Like humans, cats can be affected by changes in their lives and need to be calmed down sometimes.
Our feline friends might seem cool, calm and collected, but they can easily become stressed or scared.
Common triggers are a new person in the house, a change to their surroundings, a trip to the vets or moving to a new house.
And, as anyone who has a cat will tell you, they are fiercely independent creatures.
This means it can be hard to calm down a stressed-out kitty. But not impossible.
Let’s find out more about how to spot when a cat is anxious or stressed and how to calm him or her down.
How To Spot A Stressed-out Cat
Usually, when a person is stressed out you can spot it in their behaviour and body language.
They might touch their face and grasp at their hair.
Their eyes might widen and their forehead might crease with frustration.
A cat is no different and will show physical signs of stress, such as:
- Tense muscles
- Sitting in a crouched position
- Tail tucked into the body
- Head lowered
- Ears pointing sideways
- Dilated pupils
- Eating or drinking less
- Avoiding the litter tray
Some cats even go into hiding when they’re anxious.
For example, if your cat hides in a wardrobe or a cupboard when you have visitors at the house, it’s probably unsettled by the new people.
But how can you calm a cat?
When a cat is stressed, it will need space, not contact.
This means don’t try to pick the cat up, which might cause even more stress.
Remember, cats are independent creatures, even when anxious.
It also helps to understand why cats act the way they do.
So, let’s take a closer look at the mentality of a cat and a few tips on how to create a peaceful environment for your pet.
Understand The Cat Mentality
Change is a big trigger for stress in cats.
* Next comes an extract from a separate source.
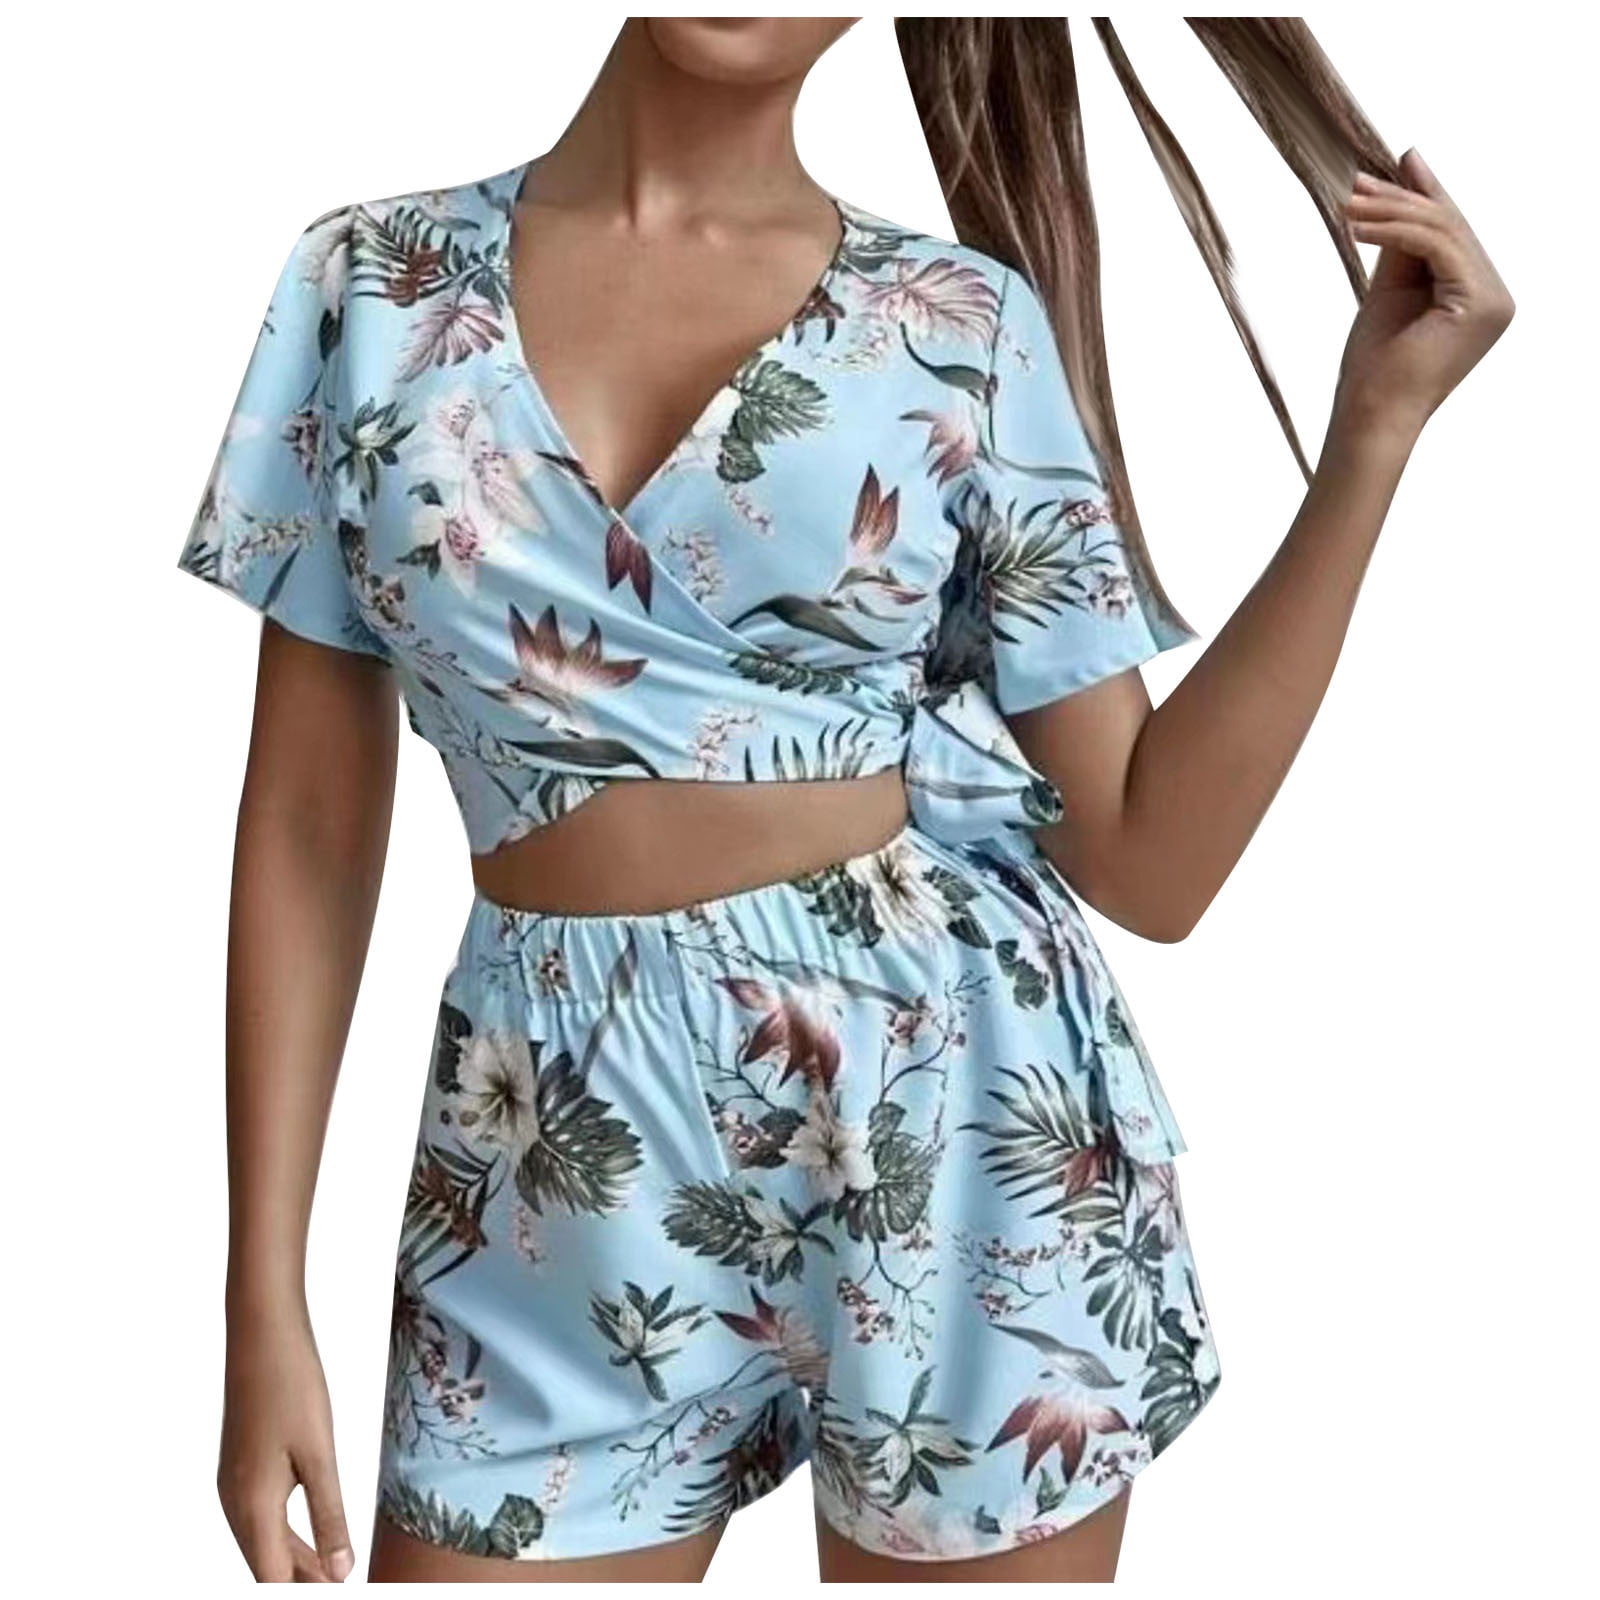  Plus Size Boho 2 Piece Outfits for Women Summer V Neck Leaves  Print Crop Top Shorts Set : Clothing, Shoes & Jewelry

They like their routines and their environment to be familiar.
In a nutshell, they’re sensitive and any long-term changes should be introduced gradually to give the cat time to adjust.
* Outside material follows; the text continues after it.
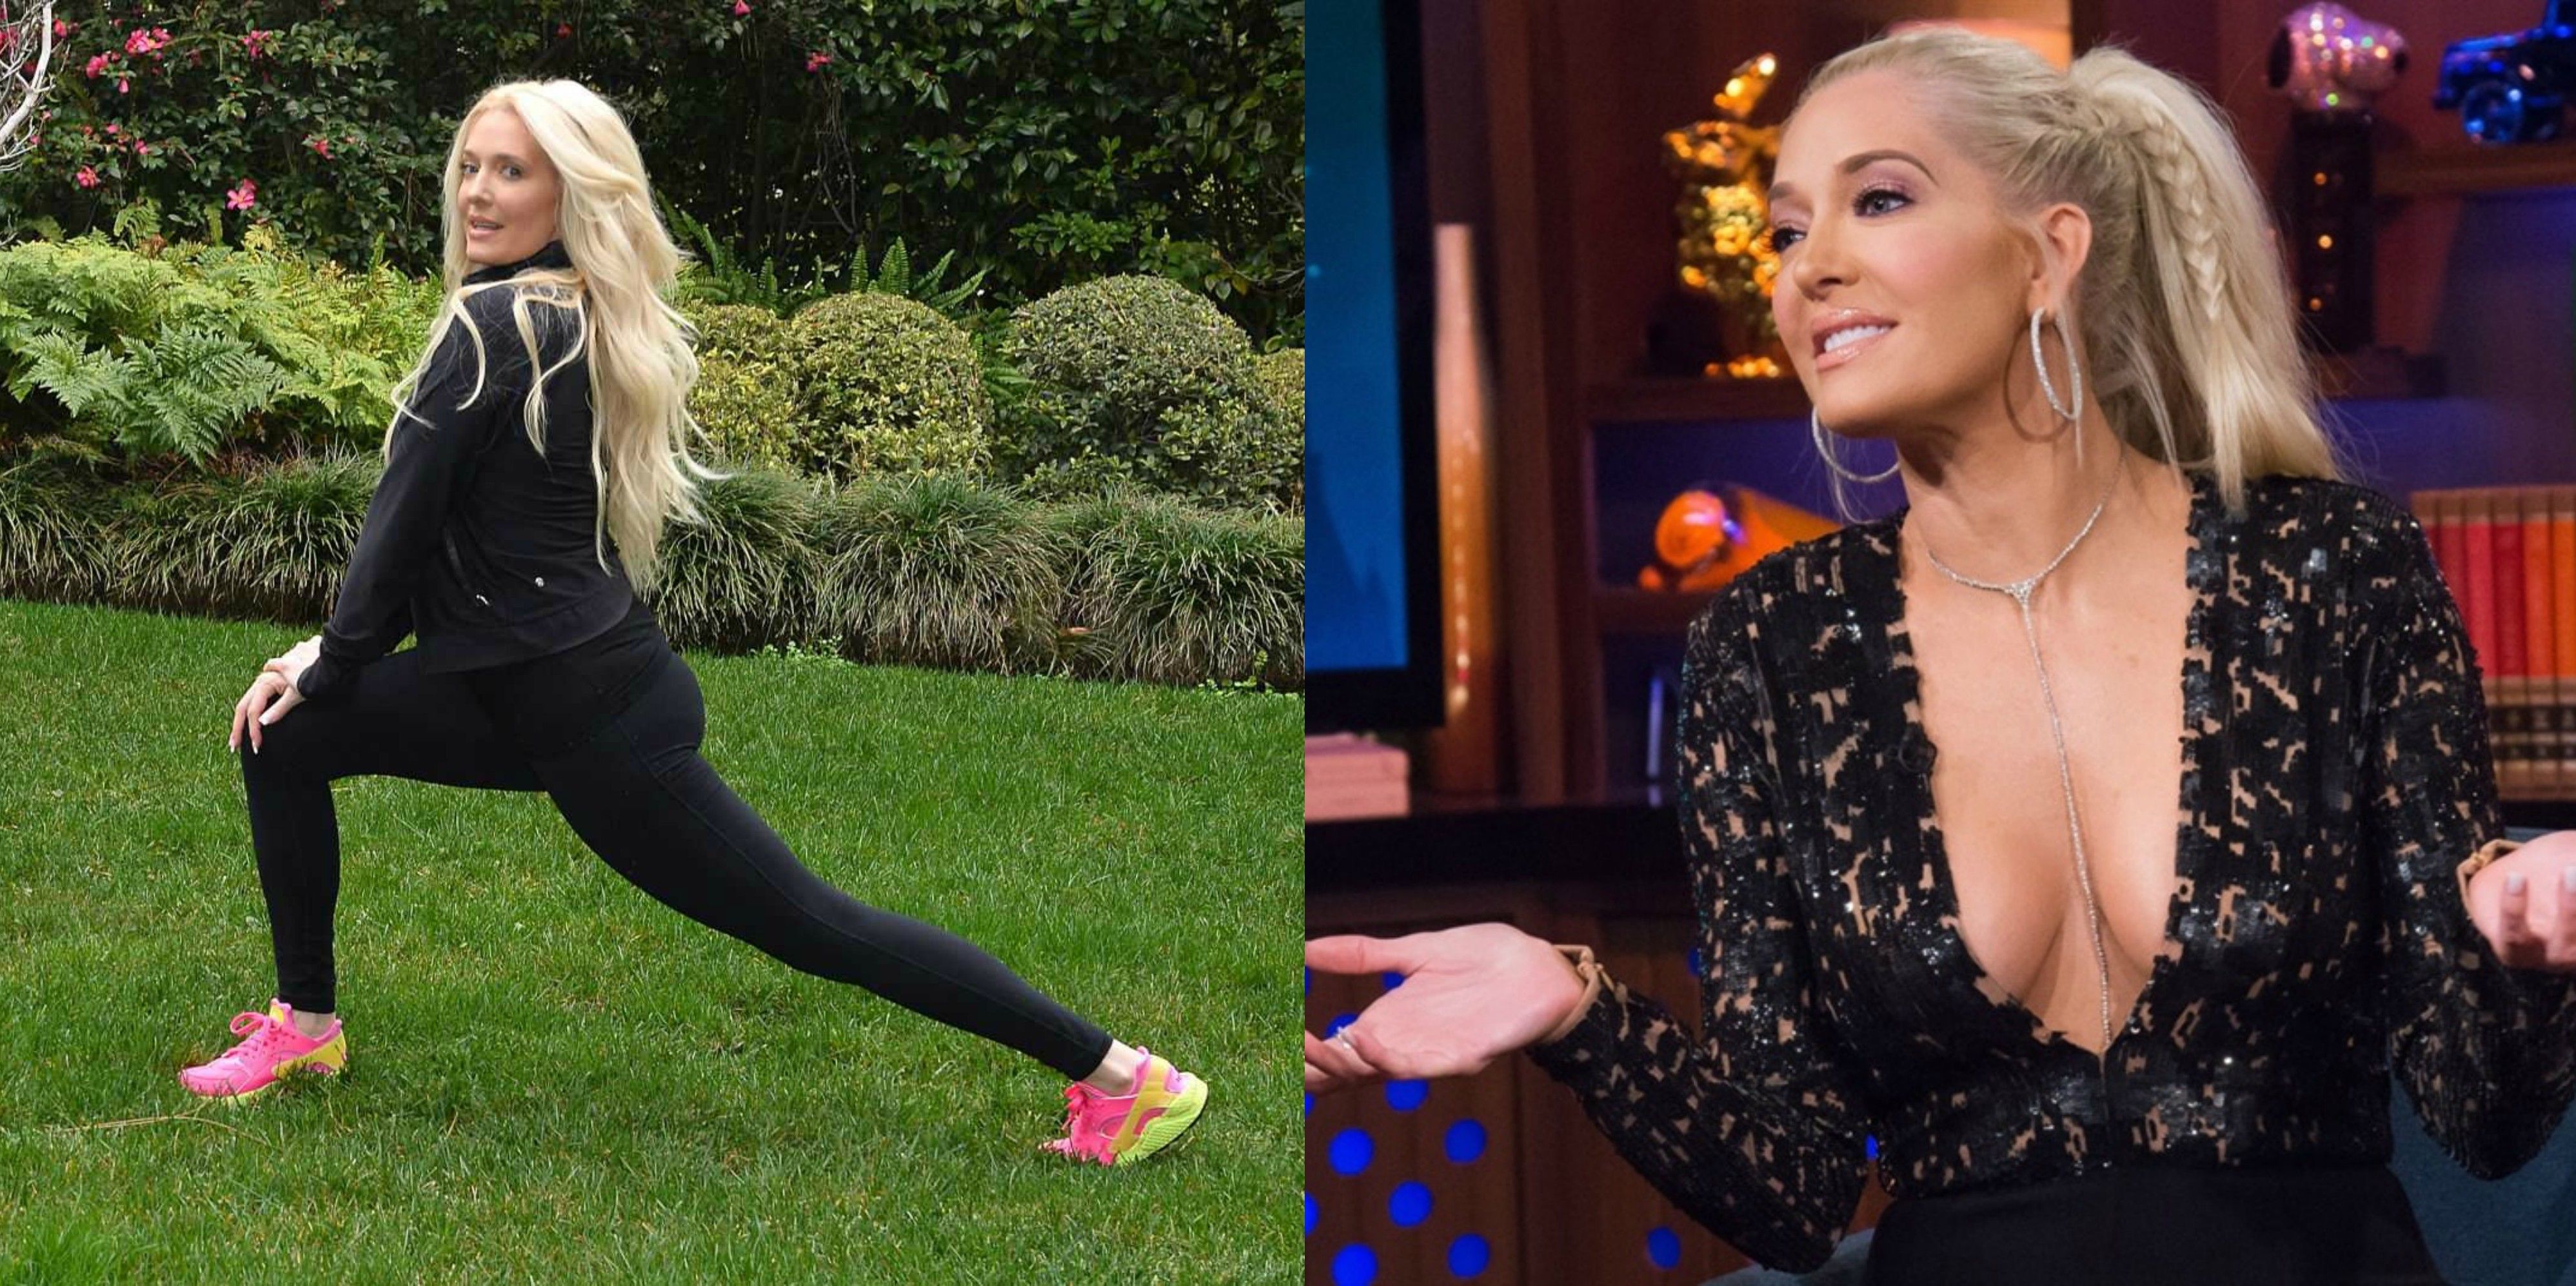 15 Photos That Prove Erika Jayne Is The Hottest Housewife On TV.

A prime example is moving to a new house, which can be very stressful for a cat.
But cat behavioural experts say the pressure can be eased by using the sense of smell.
You can do this by placing a piece of your unwashed clothing in the travel case or sleeping basket at the new home so there is something familiar.
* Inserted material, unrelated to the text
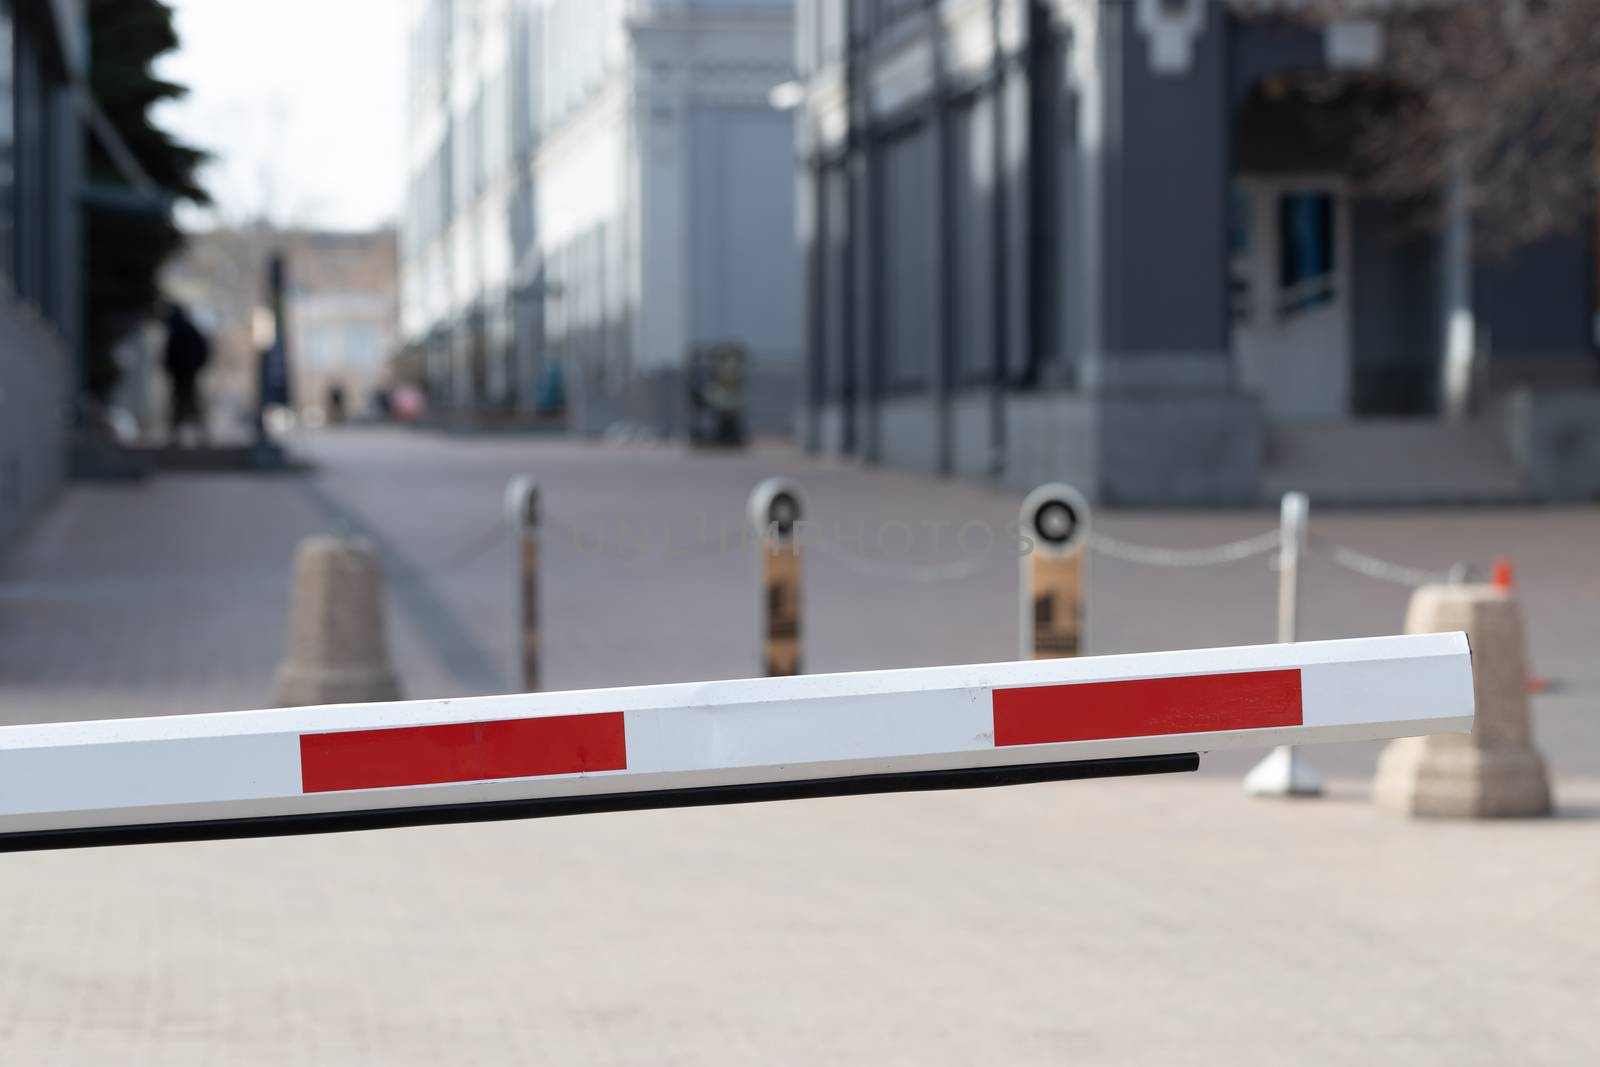 Automatic security metal barrier boom closed for stop and checking car entering to restricted area , placed at main entrance beside the road , selective focused, blurred background. Security concept or ban

This should help to calm the cat.
Another thing to remember is that cats rub their face on furniture and places so that it smells like them.
It’s a way to mark their territory.
If you’re moving house or bringing in new pieces of furniture, rub their face with a cloth and then wipe it on the furniture.
This way, it will seem more familiar to your cat and cause less stress.
The key to making any changes though is slow and steady.
Go too fast and your cat could end up shocked and scared.
Create A Special Cat Area
Cats like to be warm and cosy in a place where they feel safe.
And they like to have an area just for them, as long as they’re not trapped.
This is why creating a special place for your cat could become a sanctuary in times of stress.
But where is the best place to create a special cat area?
It will depend on the cat. Some cats like to hide underneath things.
And other cats like to climb up high, finding safety in height.
If your cat likes to hide, find a cosy corner that can become the cats own space.
You might even want to invest in both if you have a particularly sensitive cat.
Also Read: How To Make A Cat Sleep Instantly
Use Essential Oils And Music
The sense of smell is really important for a cat and they respond strongly to particular scents.
If you have a stressed out cat, try using lavender essential oil to calm it down.
You can do this by placing a few drops in a room where the cat spends a lot of time.
Lavender is a very calming scent and is even used by some vets to calm aggressive cats.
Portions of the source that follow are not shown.